Emergency Department Care

  • Stabilize patients with electrical burns and consider immediate transfer to the nearest burn center if high-voltage injury is suspected. If such facilities are not available, physicians with experience in burns, preferably in electrical burns, should assume care of the patient.
  • Hydrate all patients with burns and no apparent CNS abnormality. Using the ordinary rule of thumb for treating the typical burn patient may result in significant dehydration. In patients without CNS abnormalities, administration of physiologic fluids, such as Ringer lactate at a rate of 10 mL/kg/h, is reasonable during the initial resuscitation.
  • In patients with CNS abnormality, temper hydration with the possibility of worsening cerebral edema. No easy way of titrating this clinically difficult area is available.
  • Add mannitol or furosemide to the regimen of patients with elevated CK levels and/or myoglobinemia. These drugs provide diuresis for the toxic myoglobin, which can help to prevent acute tubular necrosis and renal failure secondary to myoglobinuria.
  • Treat a patient who has been struck by lighting based on CNS symptoms. If consciousness is present on admission or if consciousness returns while the patient is in the ED, inpatient therapy may not be required. If CNS abnormalities persist, hospitalization is indicated.
  • The successfully resuscitated patient exposed to low voltage without significant burns also may be treated primarily on the basis of CNS symptoms and CK level results. If consciousness returns, the CK level is no more than 2 times normal with negative hemoglobin in the urine, and the pulse is regular, direct release from the ED is indicated.
  • Irregularities of pulse, ECG changes, myoglobinuria, or CNS abnormalities require hospitalization.

Consultations

Patients with electrical burns require treatment by burn specialists. Prompt transfer to the care of such a specialist is indicated. In high-voltage electrical burns, early fasciotomy may be indicated to improve circulation. Thus, seek guidance as rapidly as possible concerning when to initiate this procedure in the ED. Consultations include the following:

  • Trauma and/or critical care specialist
  • General surgeon
  • Plastic and/or burn surgeon



Hydration is the key to reducing the morbidity of electrical injury. If muscle damage is significant, the use of an osmotic diuretic also is indicated.

Drug Category: Fluids

Loss of intravascular volume through the damaged epithelium and loss into extravascular spaces require fluid resuscitation. This is best achieved with lactated Ringer.

Drug NameLactated Ringer
DescriptionEssentially isotonic and has volume restorative properties.
Adult Dose10 mL/kg/h IV during initial resuscitation
Pediatric DoseAdminister as in adults
ContraindicationsMajor complication of isotonic fluid resuscitation is interstitial edema; edema of extremities is unsightly but not a significant complication; edema in brain or lungs is potentially fatal; major contraindication to isotonic fluid resuscitation is pulmonary edema; added fluid promotes more edema and may lead to development of ARDS
InteractionsNone reported
PregnancyC - Safety for use during pregnancy has not been established.
PrecautionsIsotonic fluids administered during resuscitation of septic shock require close monitoring of cardiovascular and pulmonary function; stop fluids when desired hemodynamic response is observed or pulmonary edema develops

Drug Category: Osmotic diuretics

If myoglobinemia and myoglobinuria are present, acute renal failure can be minimized by the addition of mannitol to the regimen of fluid resuscitation.

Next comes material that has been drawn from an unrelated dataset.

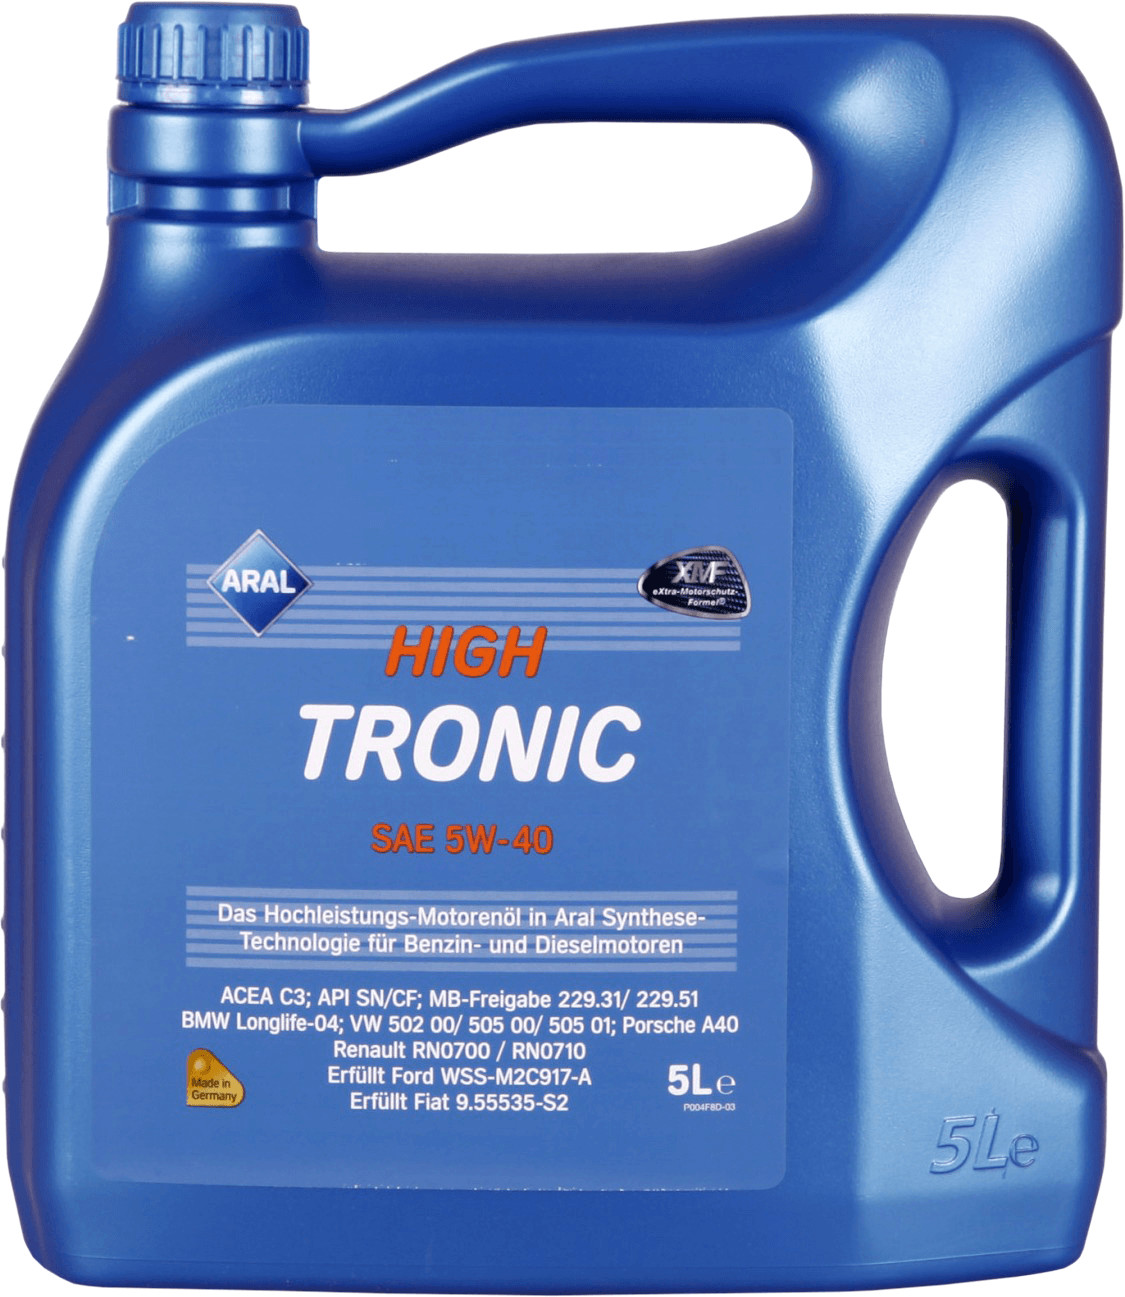 Aral HIGHTRONIC 5w-40. Aral High Tronic m SAE 5w-40. Масло Aral High Tronic 5w40 4л. Aral масло High Tronic f 5w-30 (Synt).

Drug NameMannitol (Osmitrol)
DescriptionOsmotic diuretic that is not metabolized significantly and that passes through glomerulus without being reabsorbed by the kidney.
Adult Dose50-200 g/24 h IV; adjust dose to maintain a urinary output of 30-50 mL/h
Pediatric Dose<12 years: Not established
Trial doses of 0.2 g/kg IV followed by careful monitoring of urinary output may be prudent; again, with the goal of producing diuresis in the child with myoglobinuria
ContraindicationsDocumented hypersensitivity; anuria; severe pulmonary congestion; progressive renal damage; severe dehydration; active intracranial bleeding; progressive heart failure
InteractionsNone reported
PregnancyC - Safety for use during pregnancy has not been established.
PrecautionsCarefully evaluate cardiovascular status before rapid administration of mannitol because a sudden increase in extracellular fluid may lead to fulminating CHF; avoid pseudoagglutination; when blood administered simultaneously, add at least 20 mEq of sodium chloride to each liter of mannitol solution; do not administer electrolyte-free mannitol solutions with blood

Drug Category: Loop diuretics

These agents decrease plasma volume and edema by causing diuresis. The reduction in plasma volume and stroke volume associated with diuresis decreases cardiac output and, consequently, blood pressure.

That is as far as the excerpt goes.